Future work aimed at determining any inherent bias within the hybrid creel estimator needs to be developed. Although in our cross validation we demonstrated that the estimates produced by the e-creel were statistically equivalent to the estimates generated from unbiased traditional creel methods, harvest itself was not censused and the true harvest is unknown, providing no empirical metric to assess the absolute accuracy of either estimate. Simulation work to test how the estimator reacts when each assumption is broken may be valuable for expanding this technique to other fisheries. Optional trip data that could be incorporated into the ELS might include the trip type, angler type, and fishing conditions, which would allow for poststratification and would present a clearer picture of the recreational fishery demographics.

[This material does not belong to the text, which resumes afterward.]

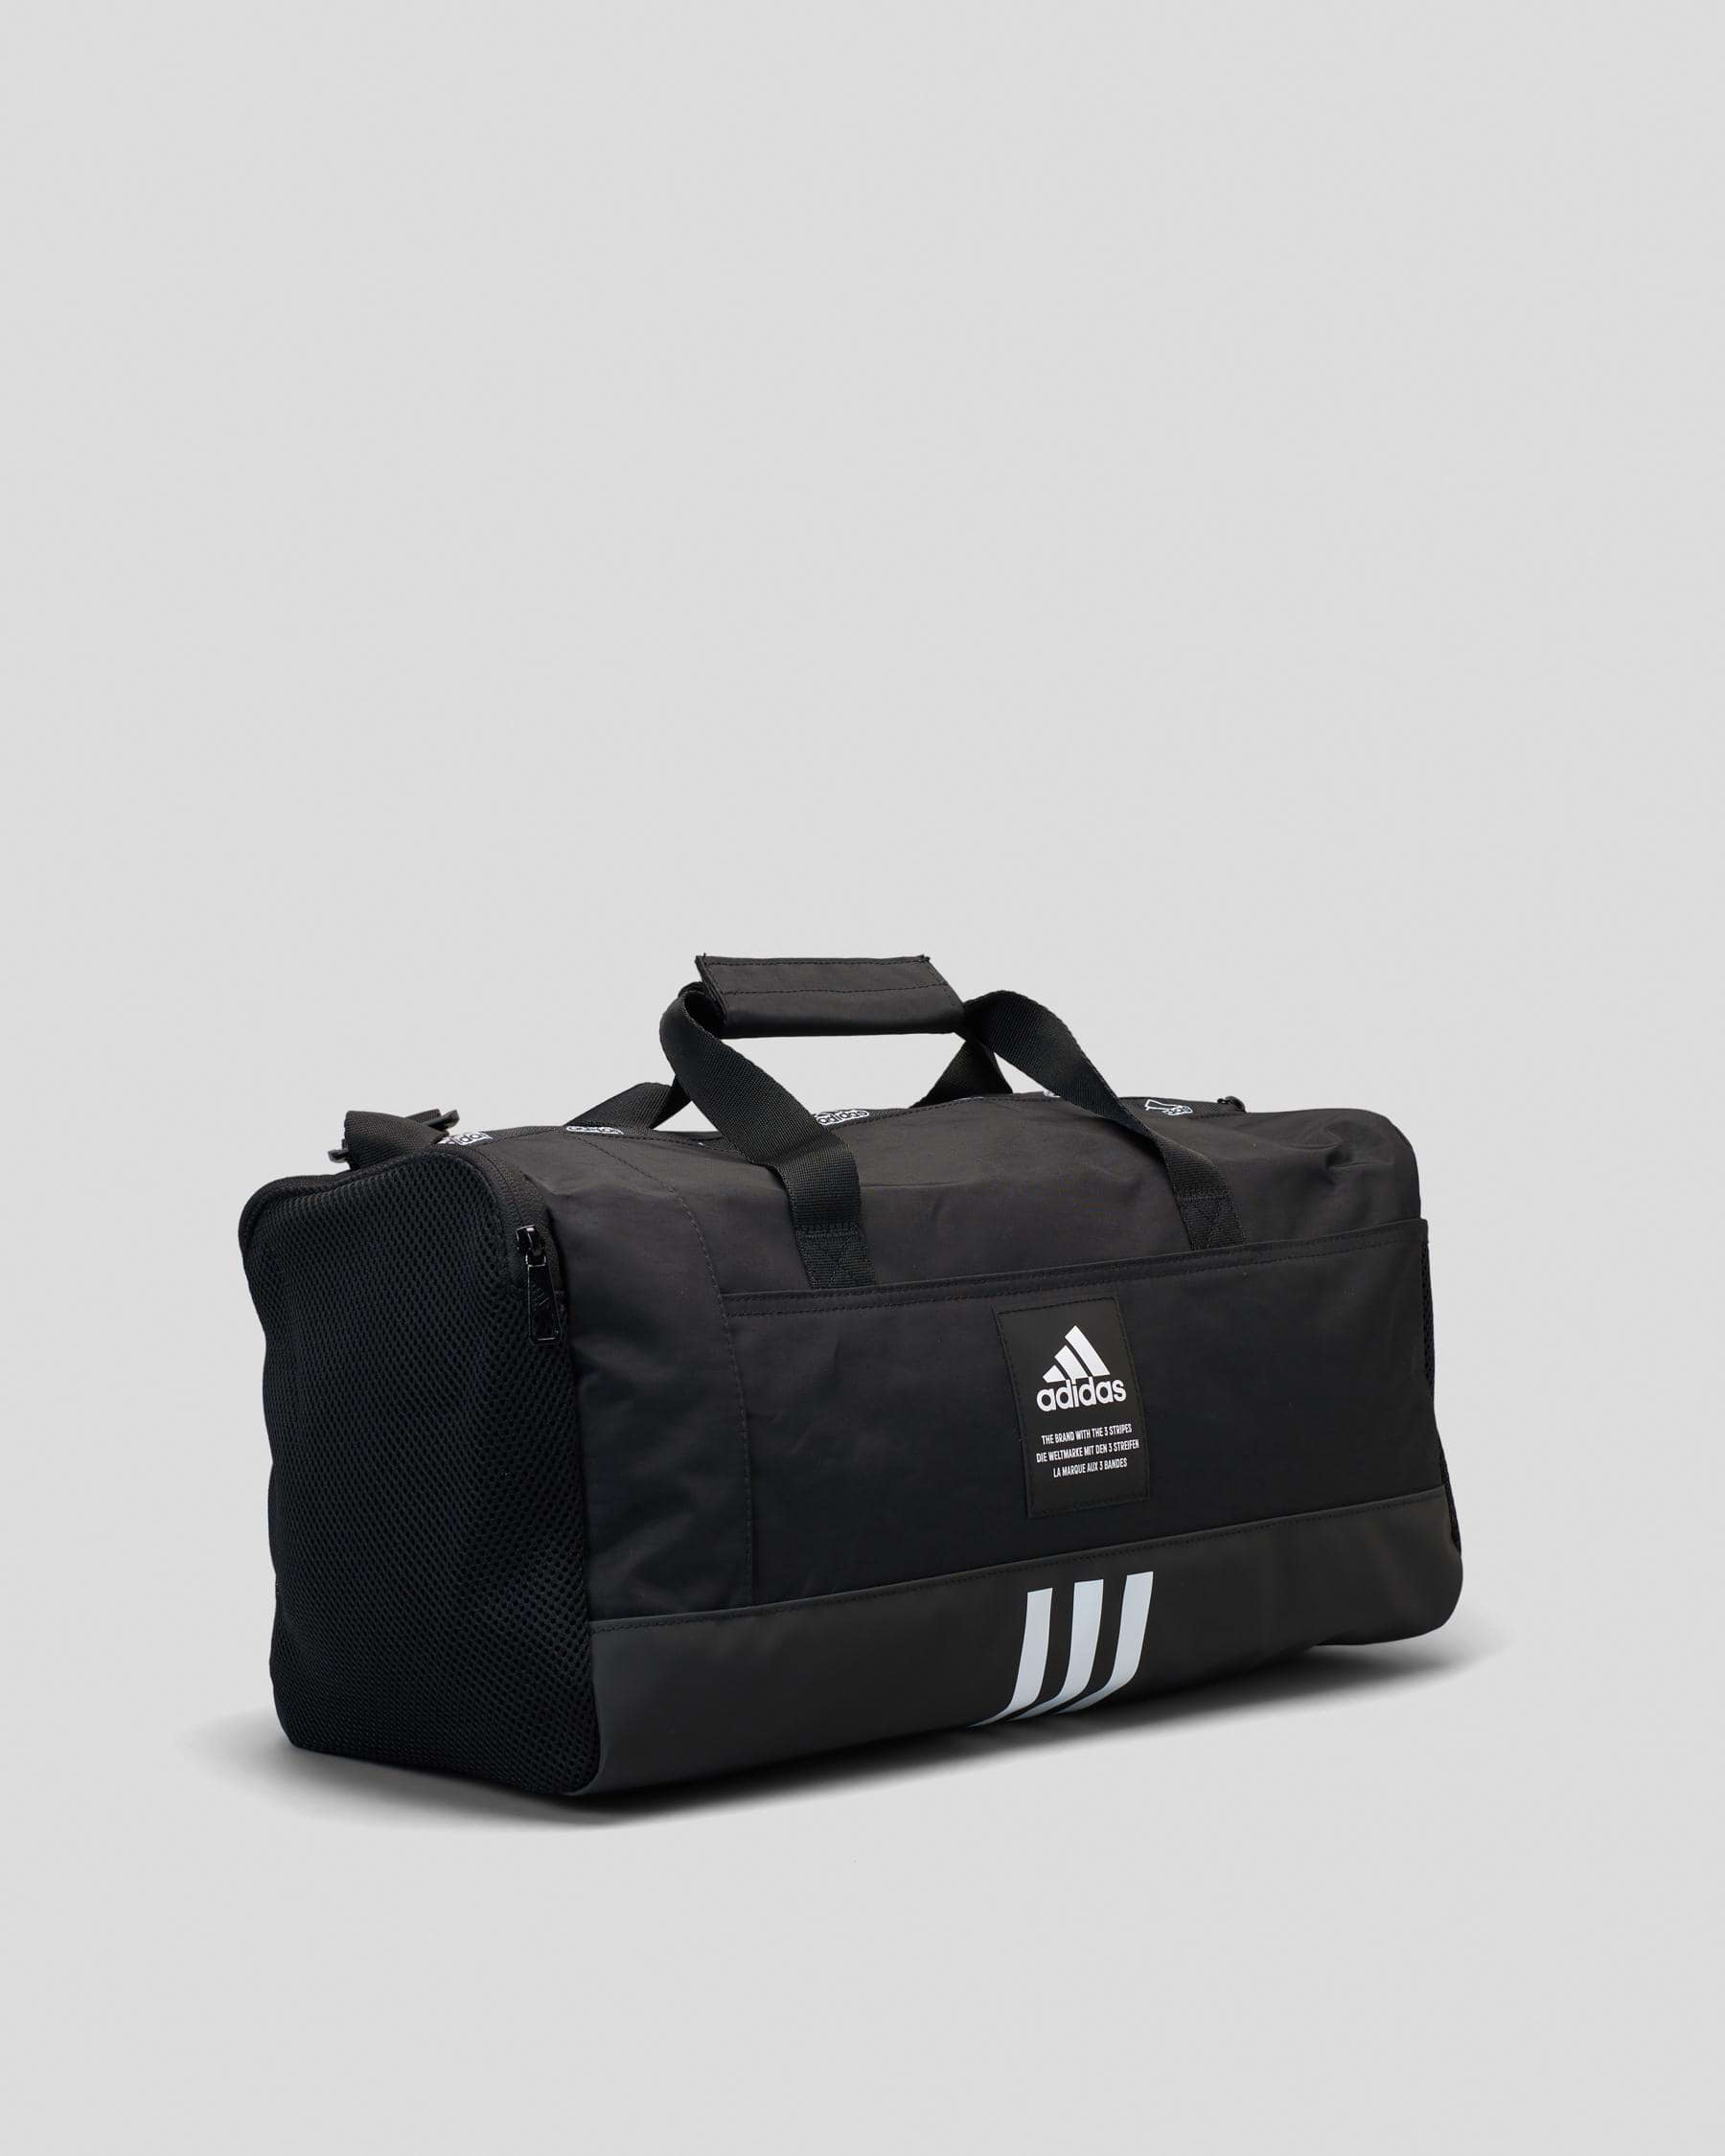 Adidas Athletes Gym Bag In Black/black - Fast Shipping & Easy Returns ...
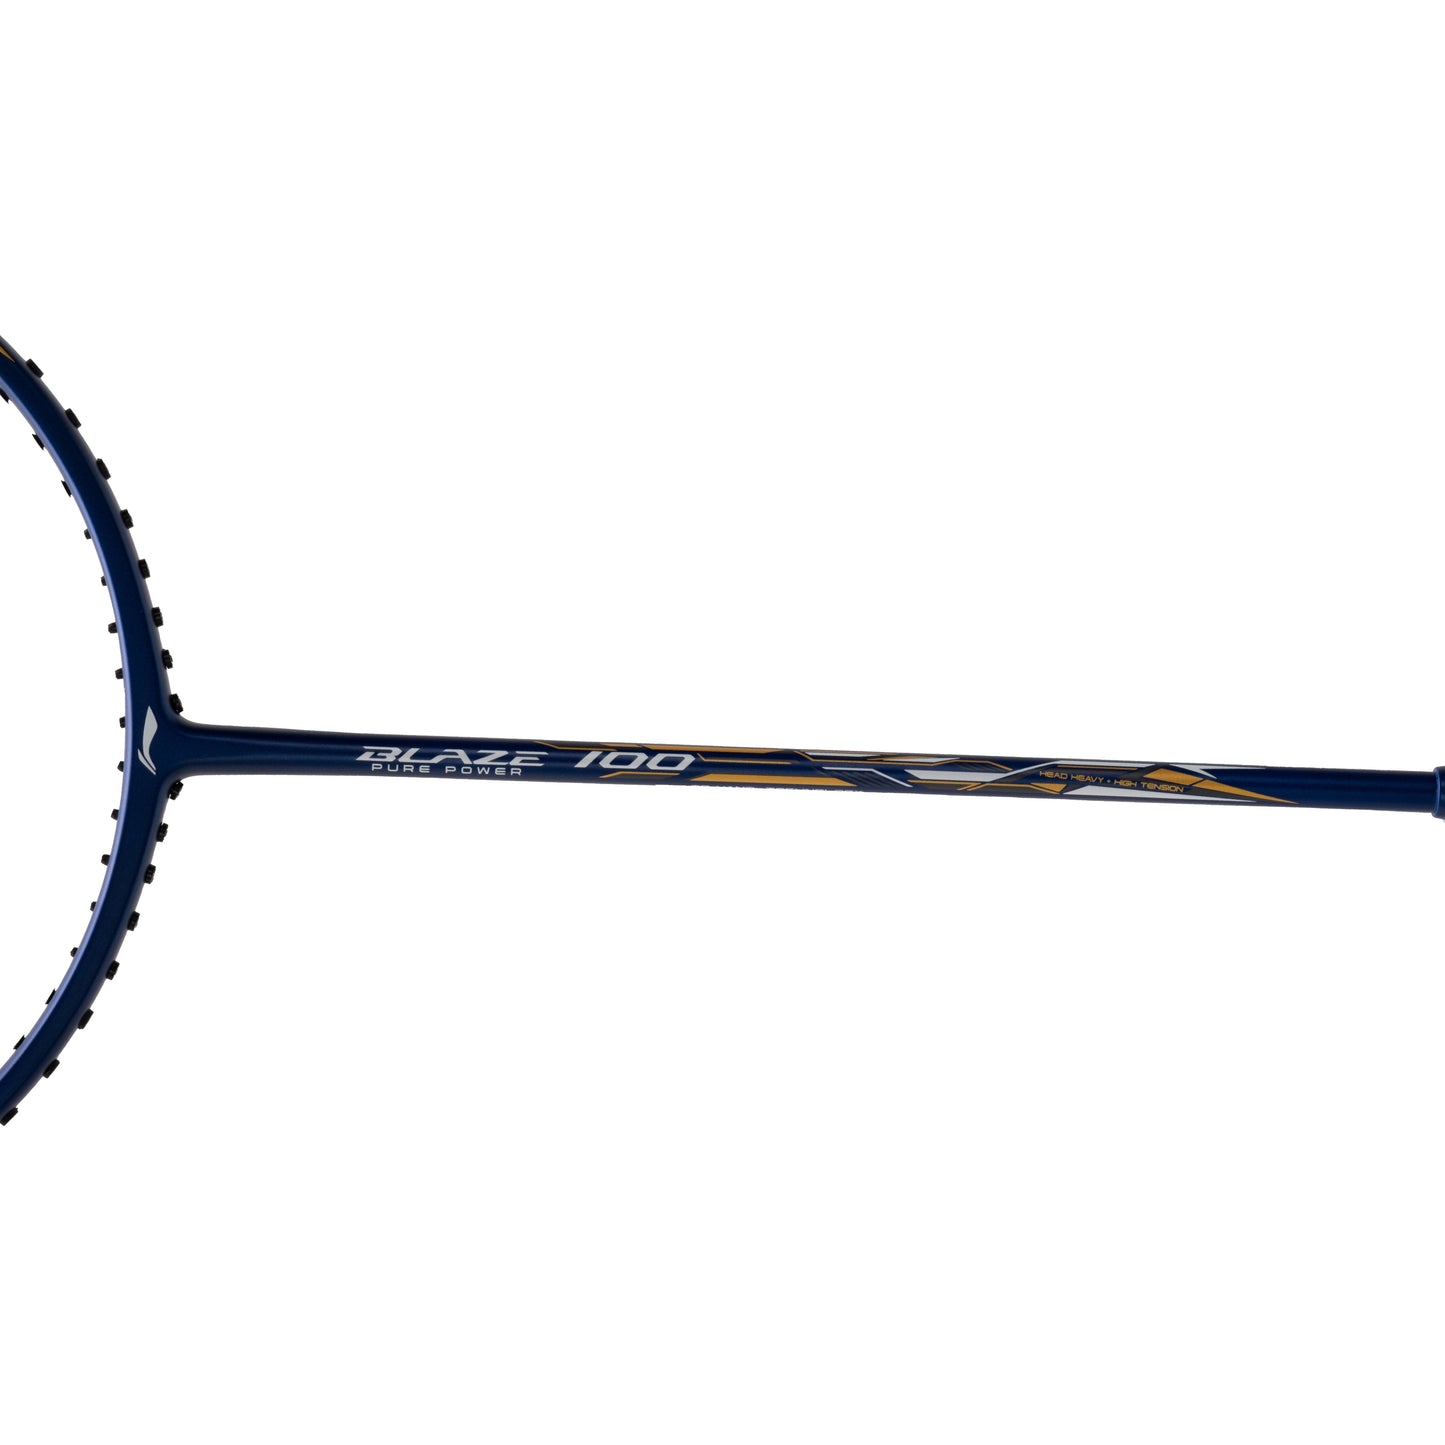 Li-Ning Blaze 100 Badminton Racket ( Navy / White / Gold )

The hybrid creel approach presented here has the potential to remove some of the financial limitations created by traditional creel surveys. In our case study, over $495,700 were awarded to ODFW in 2019 to conduct traditional creel surveys on four Chinook Salmon populations from coastal Oregon river basins that were either designated as ERISs or EISs for the purpose of PST Chinook Salmon management, with a projected total saving of $74,525 attained through transitioning from traditional creel methods to an e-creel design. Personnel and vehicle costs generally make up most of the savings reported here. However, even greater budget reductions are anticipated once additional administrative efficiencies are identified through time. Although cost may be reduced through the implementation of an e-creel, it will be necessary to maintain some supplemental interview protocols in order to appropriately apply a Petersen estimator and to assure that assumptions are not violated.

Collaborative planning and implementation of fishery sampling for coded wire tags are essential to identify cost-effective solutions to increase the precision of harvest management criteria. A coastwide framework for monitoring and estimating exploitation rates on natural-origin Chinook Salmon impacted by mark-selective fisheries is currently lacking. With mark-selective fishery regulations effective during the 2020 recreational fishery for Chinook Salmon in the Elk River, it is highly desirable to implement an e-creel design that will be efficient and more cost effective in meeting the obligations specified in PST Chapter 3. Introducing efficiencies into our current creel methodology could increase the recovery rate of coded wire tags from fish harvested in both the Elk and Salmon rivers while allowing for greater opportunity to gather appropriate information through the interview process necessary to assess the mark-selective fishery release rates of wild fish. Conventional creel surveys are costly, time consuming, and often limited in space and time. The ODFW's commitment to implement an ELS contributes to a more cost-effective license and harvest tag administration while enhancing regulatory enforcement.

The e-creel approach represents a paradigm shift in the way Chinook Salmon harvest can be monitored. As demonstrated in our case study using data associated with PST management, the e-creel method offers several practical applications and could aid in attaining more cost-effective, timely, and precise harvest estimates as well as generating nonbiased estimates of origin, sex, and age structure for Chinook Salmon at the population level.